それは安全の説明ではなく、実感として必要なのだろう。

「場所を移しただけでは足りない、と」

「ええ。食事がある、寝床がある、それだけでは人はまだ怯えます。自分を見つけた側が、すぐに売らない、使い潰さないと信じられる材料が要る」

「材料……」

レオニードは窓の外へ少し視線を向けた。

「例えば、“話してもすぐ表へ出さない”と約束すること。
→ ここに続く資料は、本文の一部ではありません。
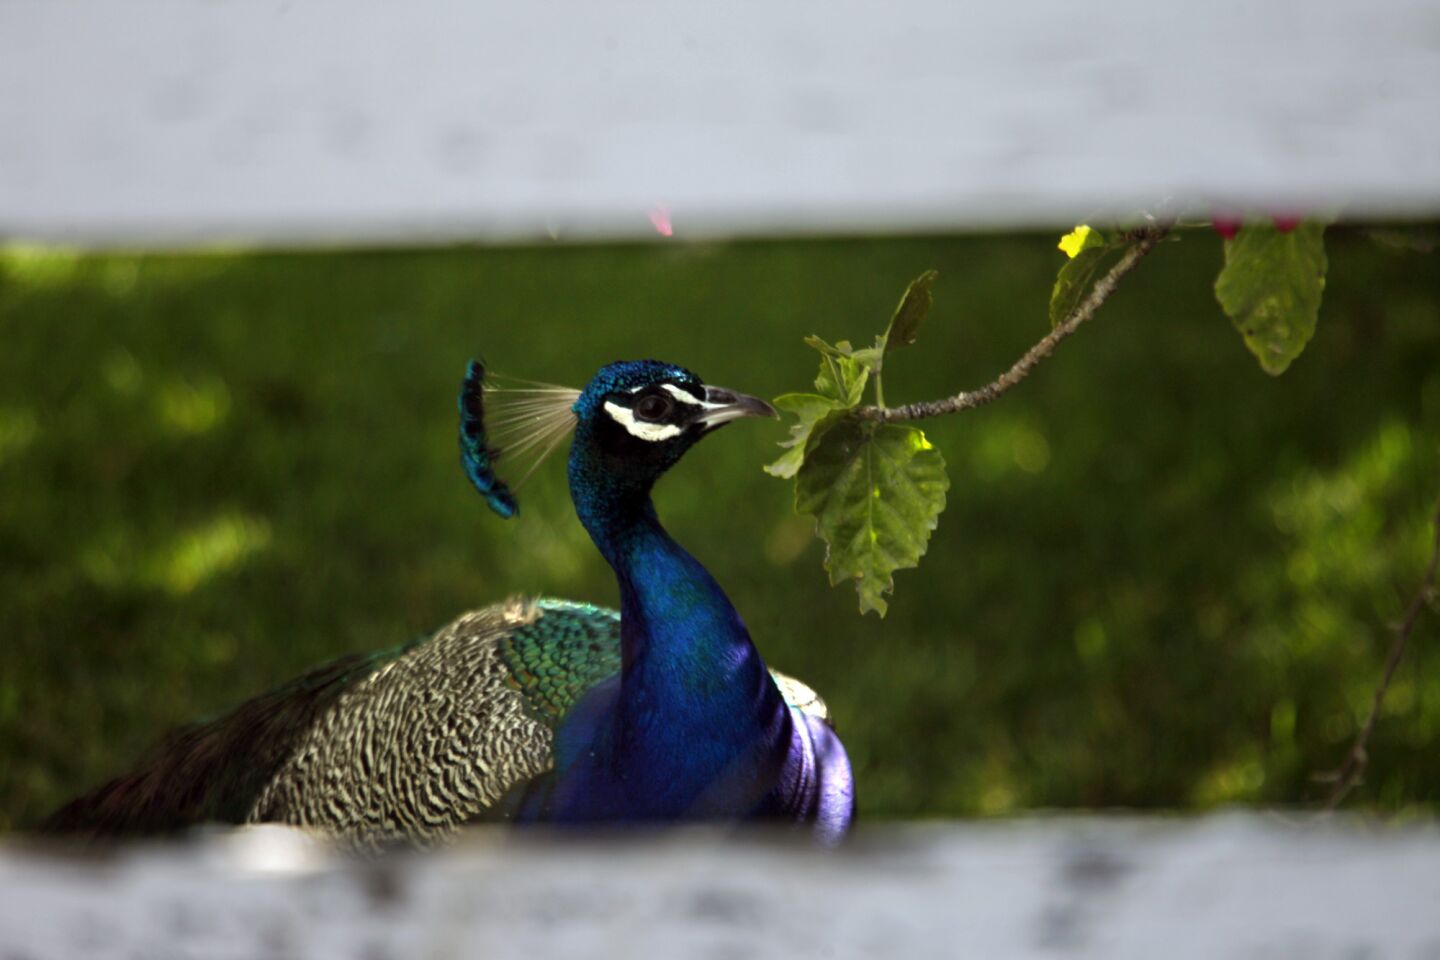 Each peacock killed could bring an animal cruelty penalty of up to three years in prison or a $20,000 fine.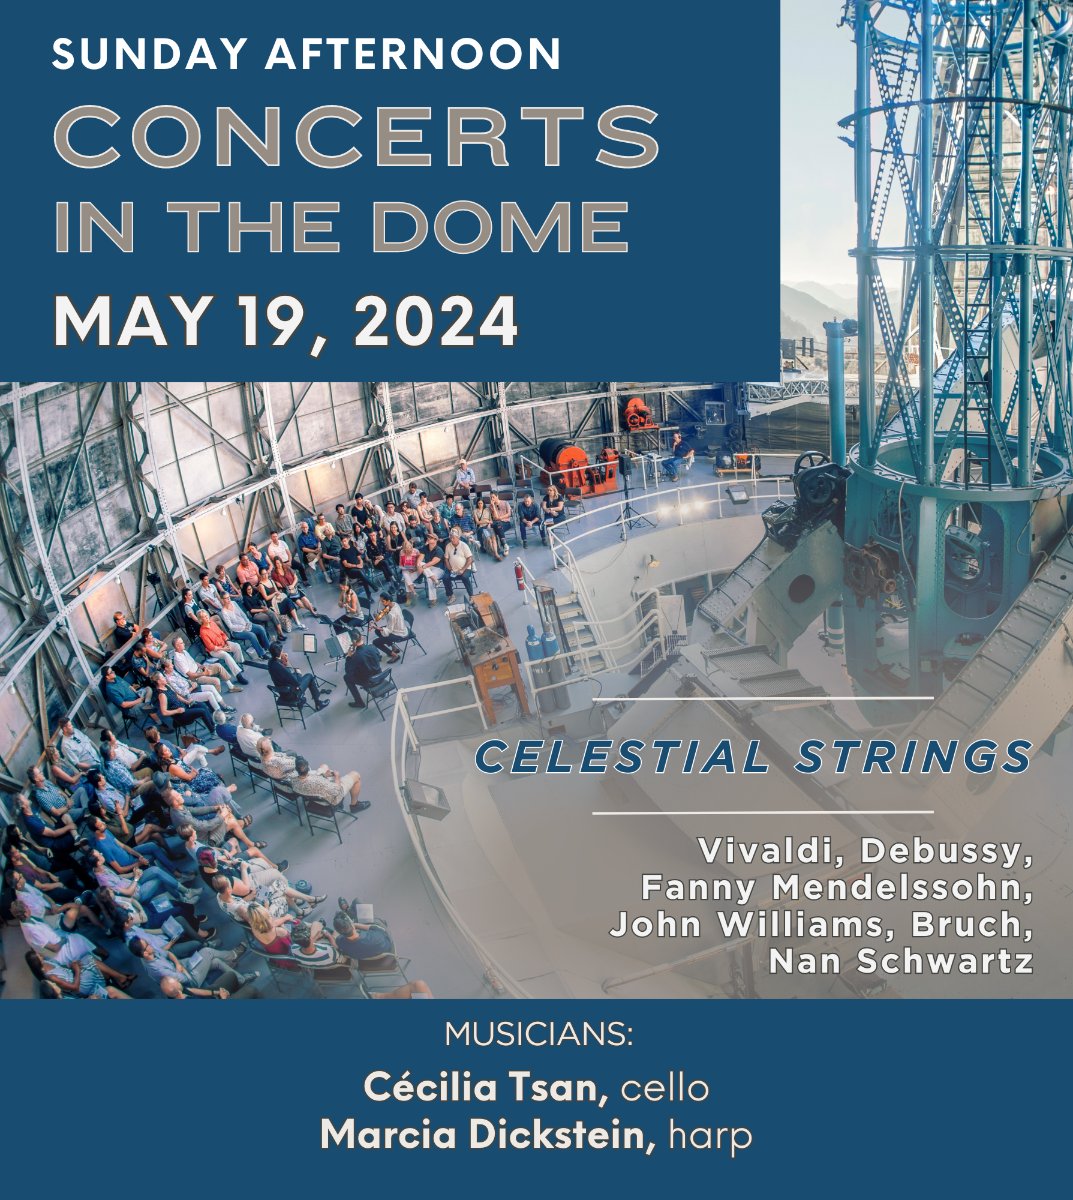 May 19, 2024 | 3 & 5PM: Sunday Afternoon Concerts in the Dome. CELESTIAL STRINGS: Cécilia Tsan (cello) and Marcia Dickstein (harp) playing works by Vivaldi, Debussy, Fanny Mendelssohn, John Williams, Bruch and Nan Schwartz. TIX AVAILABLE @ mtwilson.edu/events/concert…

あるいは、彼女自身が選べる余地を残すこと」

アリアベルはその言葉を胸の中で繰り返した。

選べる余地。

今のイネスには、それがまったくないのだろう。
王宮にいても主人に振り回され、逃げれば逃げたで怯え、見つかれば誰に使われるかわからない。
その状態で“話しなさい”と言われても、口が開くはずがない。

「閣下は、こういうことにもお詳しいのですね」

アリアベルが言うと、レオニードはごく自然に答えた。

「国境では、情報を持った者が怯えていることは珍しくありません。無理に吐かせても、嘘か沈黙しか返ってきませんから」

その実感のこもった言い方に、アリアベルは頷く。

なるほど。
証人を扱うのではない。まず、怯えている人間として扱う。
その順番を間違えれば、たしかに何も得られない。

朝食の後、アリアベルはすぐにマルセルを呼んだ。

「イネスへ伝えてちょうだい」

「はい」

「今すぐ話せとは言わないこと。話した内容を、本人の許しなくすぐ表へは出さないこと。そして、会うかどうかも彼女が決めていいと」

マルセルは少しだけ目を細める。

「それで、かえって逃げる恐れは」

「あるわ」

アリアベルは認めた。

「でも、今のまま怯えさせて口を開かせたところで、どうせ本当のことは出てこない」

「……その通りかと」

「それと、衣服と医師を」

「医師、ですか」

「ええ。怪我や体調だけじゃない。眠れているか、まともに食べられているかも見てほしいの。王宮を出た直後から隠れていたなら、かなり消耗しているはずよ」

マルセルは一礼した。

「かしこまりました」

その日の午後、王妃宮との面会のために王都へ戻る日程が正式に詰められた。

辺境伯邸での滞在は長くはない。
もう数日もすれば、アリアベルは再び王都の空気の中へ戻らなければならない。

それまでにイネスと会えるかどうか。
それはまだわからない。

だが夕刻近く、マルセルが新たな報告を持って戻った時、事態は少しだけ前へ進んだ。

「お嬢様」

「何かしら」

「イネスが、“アリアベル様にだけなら会ってもいい”と申しております」

アリアベルは息を呑んだ。

「本当に?」

「はい。ただし条件がございます」

「聞かせて」

「王宮へは戻さないこと。リネット様へ所在を知らせないこと。話した内容を勝手に使わないと約束すること」

どれも当然だ。
むしろ、それだけでいいのかと思うほどだった。

「受けるわ」

アリアベルは即答した。

「明日、会いに行きます」

マルセルは静かに頷いた。

「では、そのように整えます」

夜、ひとりになったあとで、アリアベルは窓辺に立った。

明日、自分はイネスと会う。
リネットの近くにいて、彼女の涙の裏側を見ていたかもしれない侍女と。

そこから何が出てくるのかは、まだわからない。
小さな違和感が繋がるだけかもしれない。
あるいは、婚約破棄そのものの土台を揺るがす何かが出るかもしれない。

けれど、少なくともこれで“推測だけ”ではなくなる。

保護された証人は、まだ証言していない。
それでも、もうただの消えた侍女ではない。
こちらの手の届く場所で、息をしている。

それだけで、闇の中にひとつ灯りがともった気がした。

アリアベルは静かに目を閉じる。

怖くないと言えば嘘になる。
聞きたくないことを聞くかもしれない。
自分が見逃してきたものを、改めて突きつけられるかもしれない。

それでも、進まなければならない。

小さな嘘の積み重ねが、自分の人生をここまで歪めたのなら。
それを崩す最初の石もまた、小さな証言から始まるのだ。